Akido Labs is a medtech startup turned health care provider that has redirected its growth strategy through a partnership with Pomona-based Chaparral Medical Group.
The partnership takes Akido’s proprietary tech platform, which the company calls the Wellbeing Graph, and makes it usable on a medical network.
The platform is a software technology that predicts social or health outcomes a person may be susceptible to given their medical history and their life events, which Akido classifies as social determinants of health. It also caters to the needs of patients with pre-existing chronic illness who visit specialty doctors on a regular basis.
Chief Technology Officer Jared Goodner provided an example of the platform’s use.
“As a patient, I may have recently lost my job, which I happen to mention to my doctor. Because our system is trained to identify markers, particularly social determinant markers that indicate a potential progression of worsening illness, our system marks the job loss,” Goodner said. “And this results in an automatic sequence of events that gets triggered based off that (mark).”
The software could also suggest additional screenings around pre-diabetic markers, a notification that the physician and patient discuss food insecurity or send an enrollment application to the patient for a nutrition program. Goodner added that the platform is designed to support doctors in their services, not make decisions for the patient.
“You’re sort of democratizing the ability to prevent a further worsening of an illness by exposing (patients) to a much larger market of intervention opportunities, some of which could be created and managed by Akido and other ones that are totally third party, whatever makes the most sense for the health of a patient,” said Prashant Samant, Akido’s chief executive.
Through its technology, the company has worked its way into the market for preventive care, as opposed to immediate care for patient conditions that have already materialized.
Akido’s partnership with Chaparral Medical Group, which has more than 30 locations in the Pomona Valley, allows the company to bring on more users of its technology, and thus, more income. It also marks Akido’s transition from a software provider for different health care clients to a bona fide health care provider backed by its own technology.
“(Chapparal has) a culture towards chronic illness management, and we can supercharge that with our platform and technological infrastructure,” Samant said.
Under the partnership, Dr. Prasad Jeereddi, Chaparral’s founder, will continue the operations of his group’s daily medical functions and take on the role of chief medical officer for Akido. He will work closely with Akido Head of Business Development Sanjit Mahanti.
Mahanti said that Chaparral is the right fit for Akido’s business because of its focus on treating the chronically ill in a multispecialty way, which he described as the best way to create a durable health care business.
Core competency
“We’re talking about endocrinologists, rheumatologists, pulmonologists and cardiologists, really those core subspecialties that we’re now seeing as the most important to take care of the chronically ill,” Mahanti said. “We wanted to make sure that we worked with an organization that had that core competency.”
Jeereddi and Mahanti together have more than 50 years of operational knowledge and experience of the multispecialty care sector and will be key players in Akido’s expansion into new markets.
“I’ve always believed patient care is as much art as it is science, and the consideration taken to create a symbiotic relationship between the artful practice of medicine and Akido’s powerful technology will greatly serve our patients, doctors, care teams and communities,” Jeereddi said.
The partnership comes seven years after Akido was founded out of the University of Southern California’s D-Health Lab, around the time the company received an early investment from Y Combinator, a technology startup accelerator.
In the time between then and the development of its new medical network, the company primarily provided its services to entities that needed help managing health care services.

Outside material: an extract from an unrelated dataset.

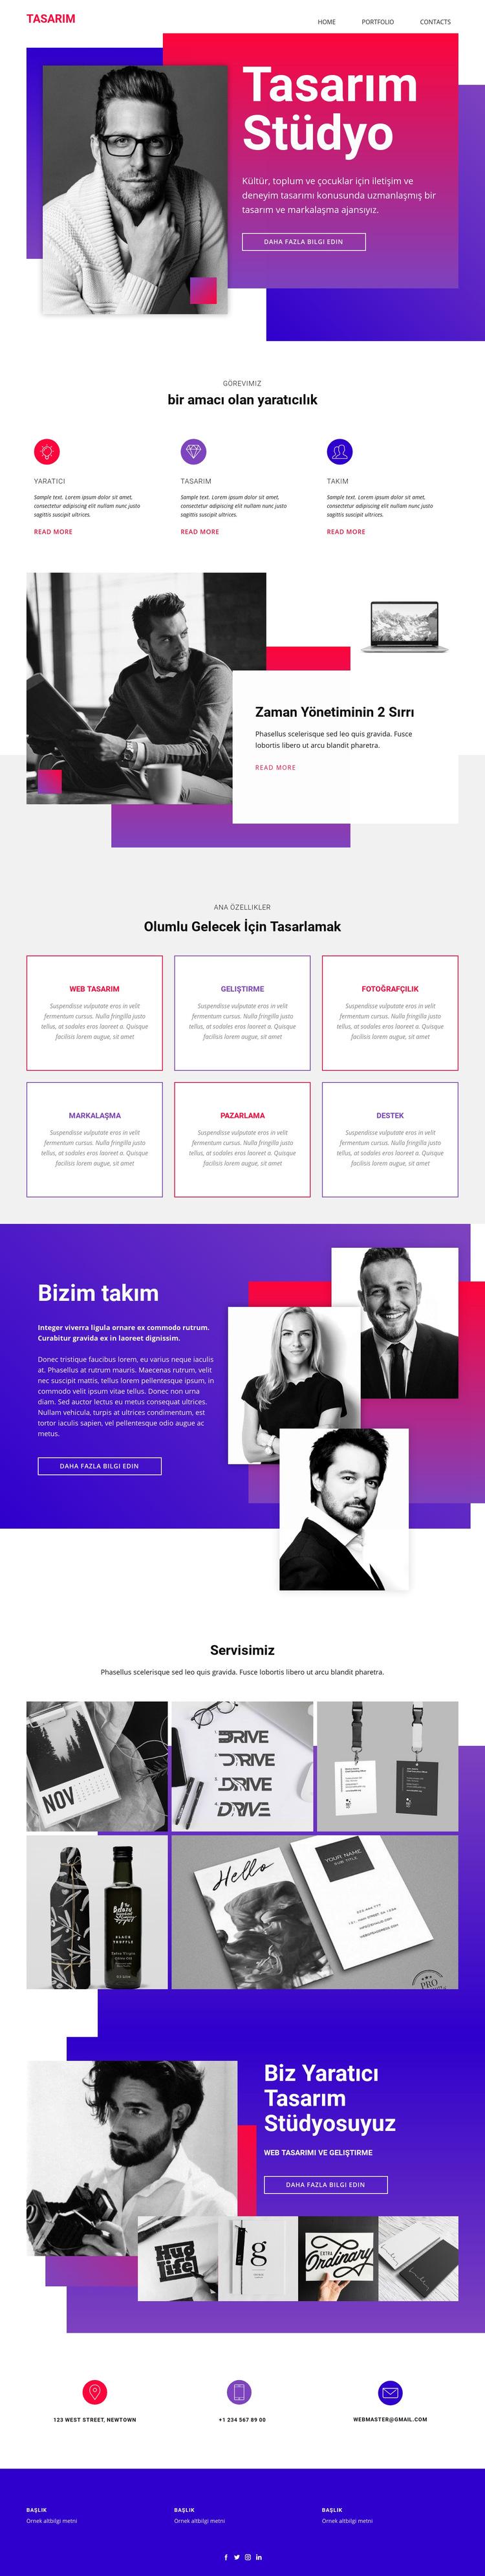 Zaman web tasarım sanatı Web Sitesi Şablonu

For example, Akido has used its platform for work with the city of Long Beach, the city of Santa Monica, the Moffitt Cancer Center and the American Foundation for the Blind, among other organizations.
In the case of Long Beach, Akido has provided its platform to help the city coordinate care across multiple social and health care-oriented services.

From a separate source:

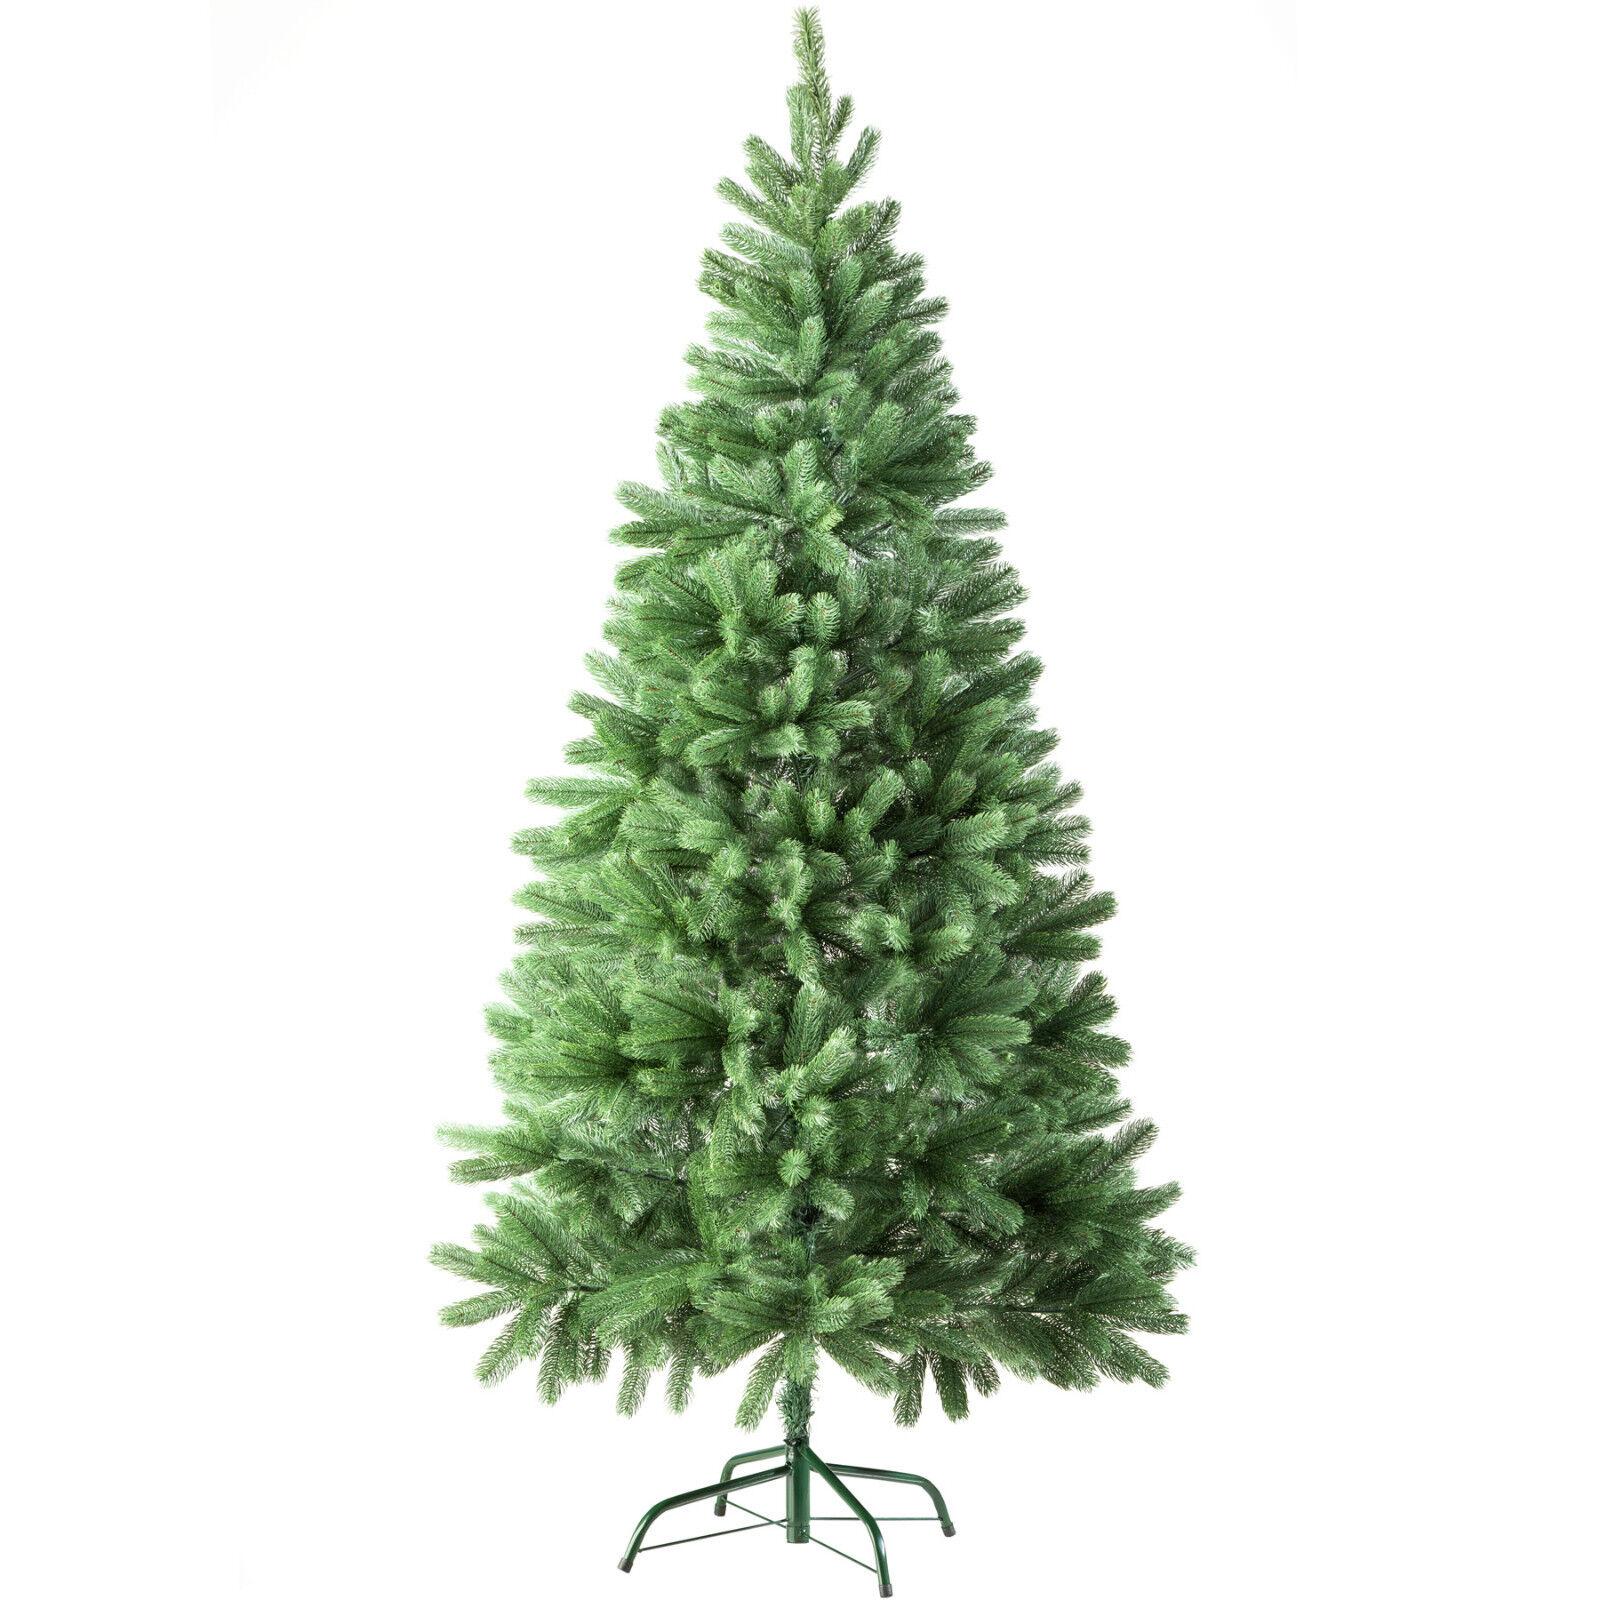 Árbol de Navidad Artificial Interior 180 cm 742 Ramas y Ramificaciones vert

“Places like Long Beach work with populations that have very different needs from a cultural standpoint, right? It’s a very multicultural city,” Mahanti said. “That means that as a physician, care provider or social worker, providing support to meet the cultural needs of any given individual can be quite helpful, and so we put a lot of work into designing the system to make that possible.”

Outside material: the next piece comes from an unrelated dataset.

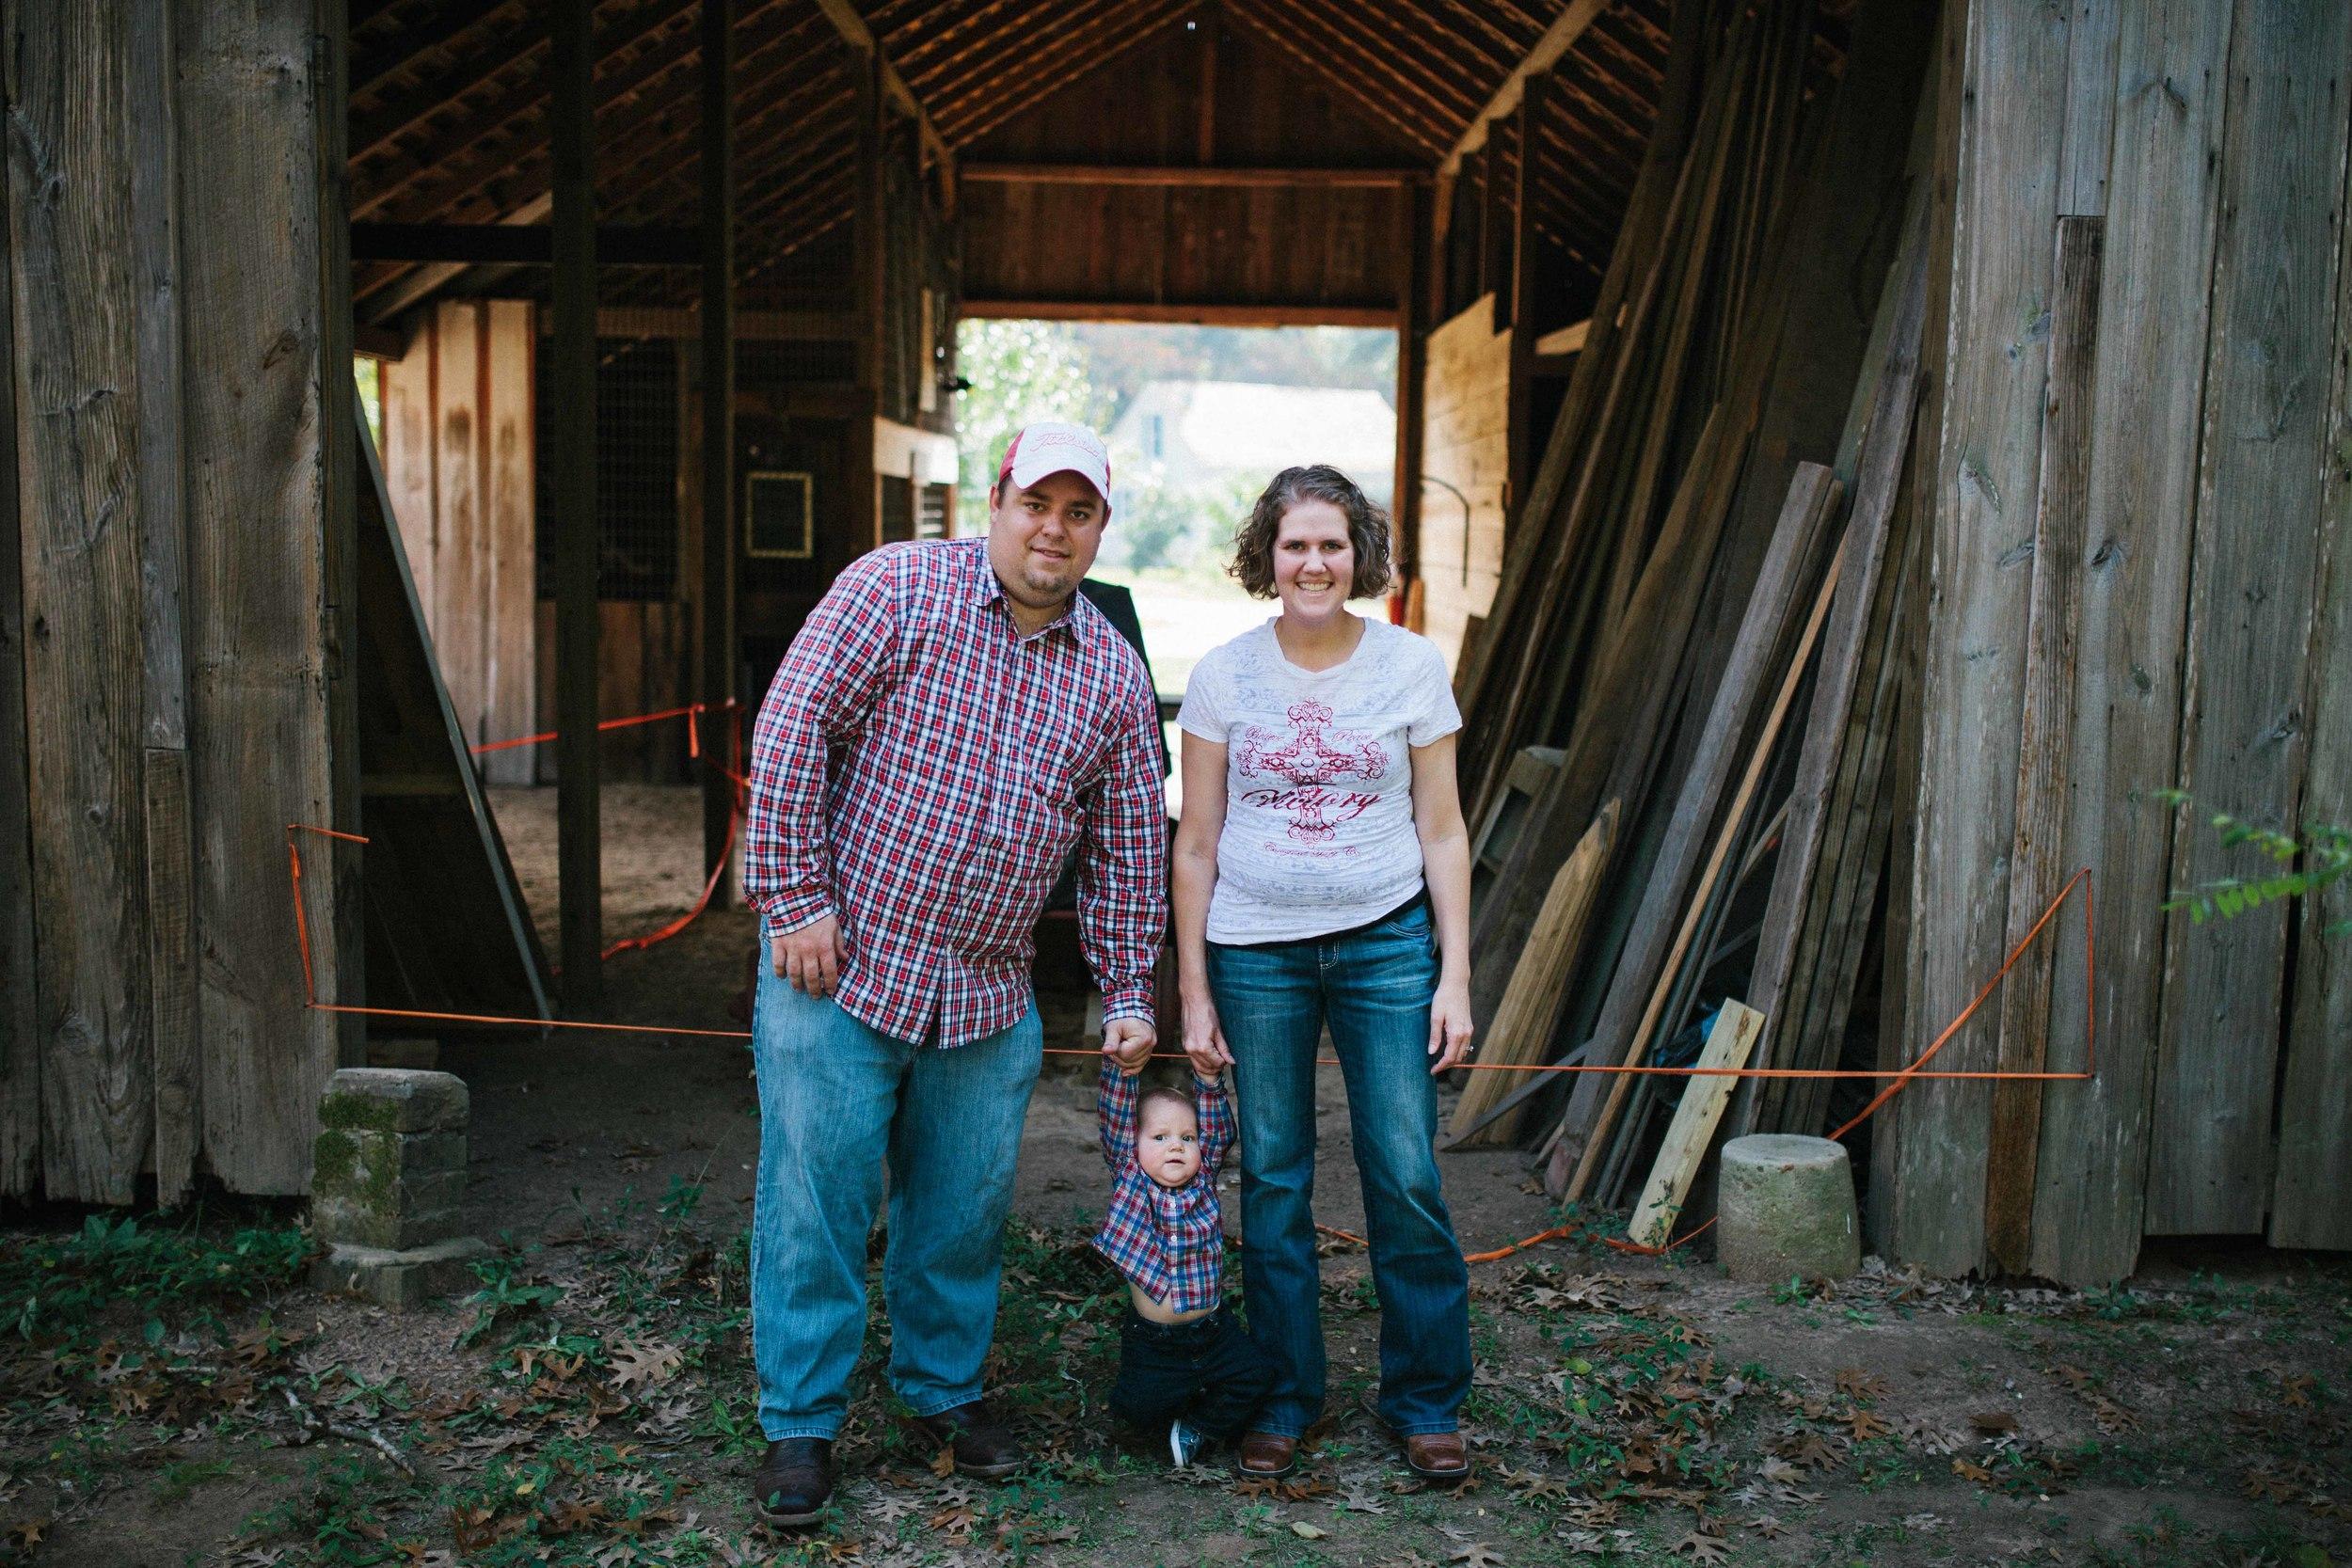 Graebner_HoustonTexas_family-37.JPG

Last year, the company announced that it had raised a total of $25 million in funding to scale its impact and that its latest financing at the time was Future Communities Capital.
Akido used to follow an enterprise software business model, but with the transition to a health care business model the company makes revenue through patient care. That revenue is a mix of fee for service care and capitated care.
According to the American Academy of Family Physicians, capitated care “is a payment arrangement for health care services in which an entity receives a risk-adjusted amount of money for each person attributed to them, per period of time, regardless of the volume of services that person seeks.”
With its own medical network, Akido is now looking to further delve into the preventive care space. Samant said that the company’s biggest challenge so far has been validating its presence in the space.
“It required a lot of validation from other parts of the business ecosystem, from insurance companies and government agencies to health care providers that wanted to work with us,” Samant said. “Like, ‘can you guys really take responsibility for the rock here? Or, are you just Silicon Valley people that are going to toss stones with software?’”
According to Samant, Akido is planning on growing its revenue by 150% to 200% in the next year, due primarily to the business that will come from its partnership with Chaparral.